An exact copy of the entries is required, excluding any pictures.
[Excerpted data — start]
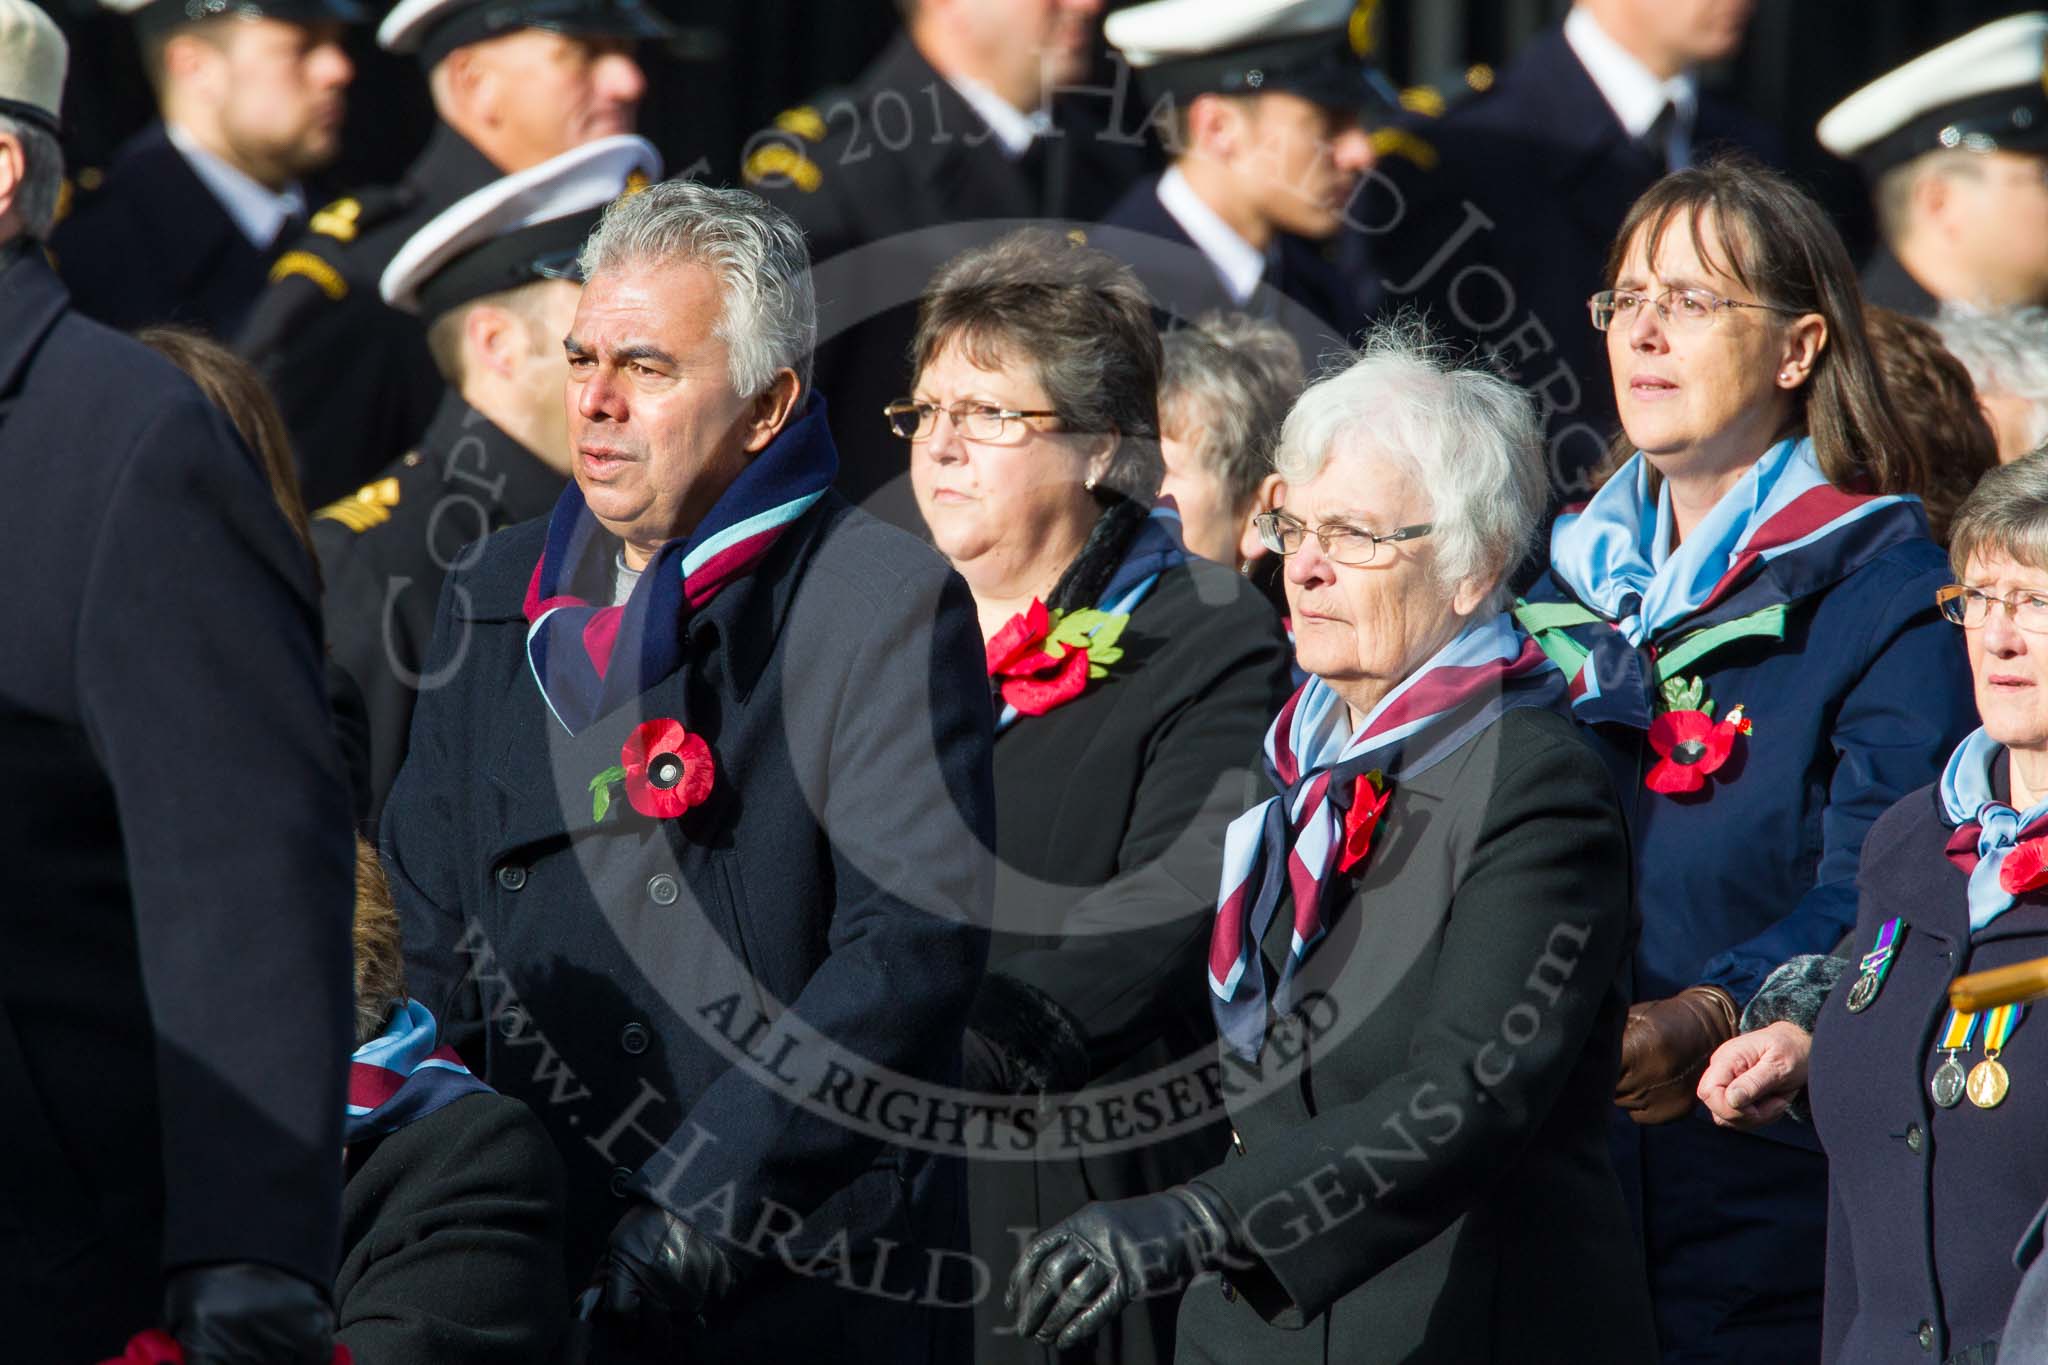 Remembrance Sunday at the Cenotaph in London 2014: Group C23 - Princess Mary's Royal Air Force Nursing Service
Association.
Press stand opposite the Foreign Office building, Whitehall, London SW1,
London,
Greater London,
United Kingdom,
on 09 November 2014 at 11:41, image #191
[Excerpted data — finish]
» **Result for this exercise**
 Remembrance Sunday at the Cenotaph in London 2014: Group C23 - Princess Mary's Royal Air Force Nursing Service
Association.
Press stand opposite the Foreign Office building, Whitehall, London SW1,
London,
Greater London,
United Kingdom,
on 09 November 2014 at 11:41, image #191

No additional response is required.